How Dermatologists Tell It’s Not Skin Cancer
Before treating a seborrheic keratosis, your dermatologist needs to confirm that’s actually what it is. These growths can sometimes mimic melanoma or basal cell carcinoma to the naked eye, particularly when they’re dark or irregularly shaped. Dermatologists use a handheld magnifying tool called a dermoscope to look for telltale features: tiny white cyst-like dots, dark pore-like openings, and a brain-like pattern of ridges and fissures across the surface. They also look for sharp borders and a characteristic waxy, “stuck-on” texture. If any features suggest something more concerning, such as blue-gray clusters or leaf-like structures associated with skin cancer, the growth gets biopsied before any cosmetic treatment.

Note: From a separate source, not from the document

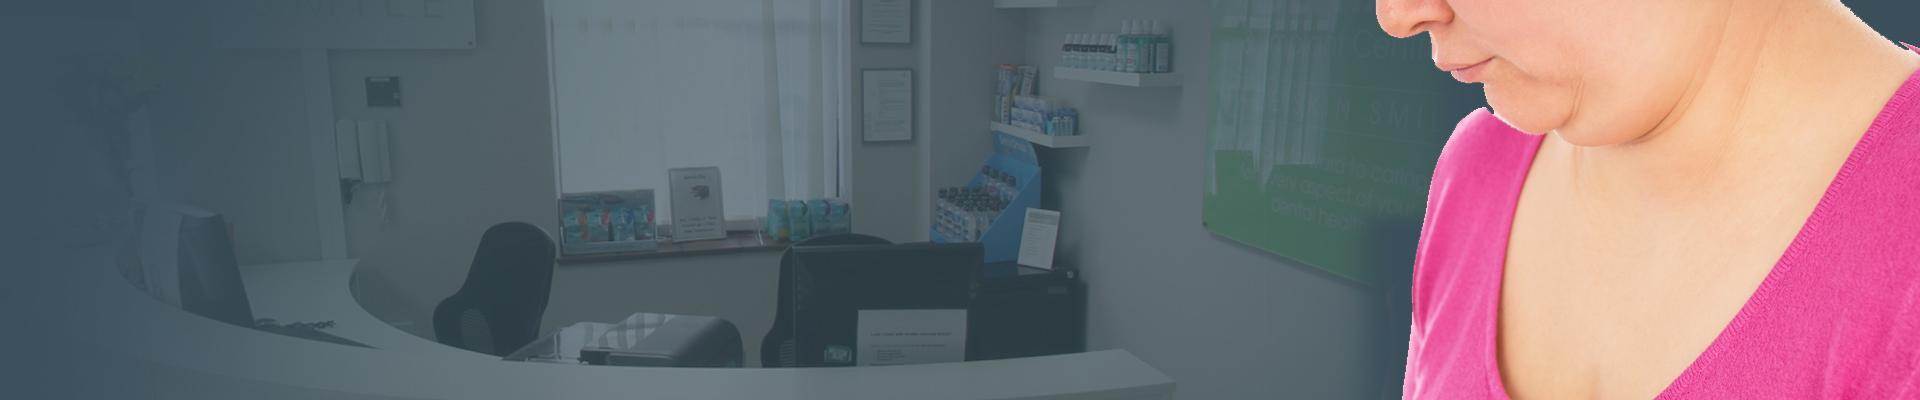 Double Chin Treatment | Belkyra | Sagging Chin | Maidstone

Insurance Coverage for Removal
Because seborrheic keratoses are benign, insurance companies generally classify removal as cosmetic and won’t cover it. The exception is when a growth causes symptoms: persistent irritation from clothing or jewelry rubbing against it, recurrent bleeding, itching, or pain. If your dermatologist documents that a lesion is symptomatic, the procedure is more likely to be covered as medically necessary. Purely cosmetic removal typically runs anywhere from $100 to $400 per session out of pocket, depending on the number of growths treated, the method used, and your geographic area. It’s worth calling your insurance company beforehand to ask about their specific criteria.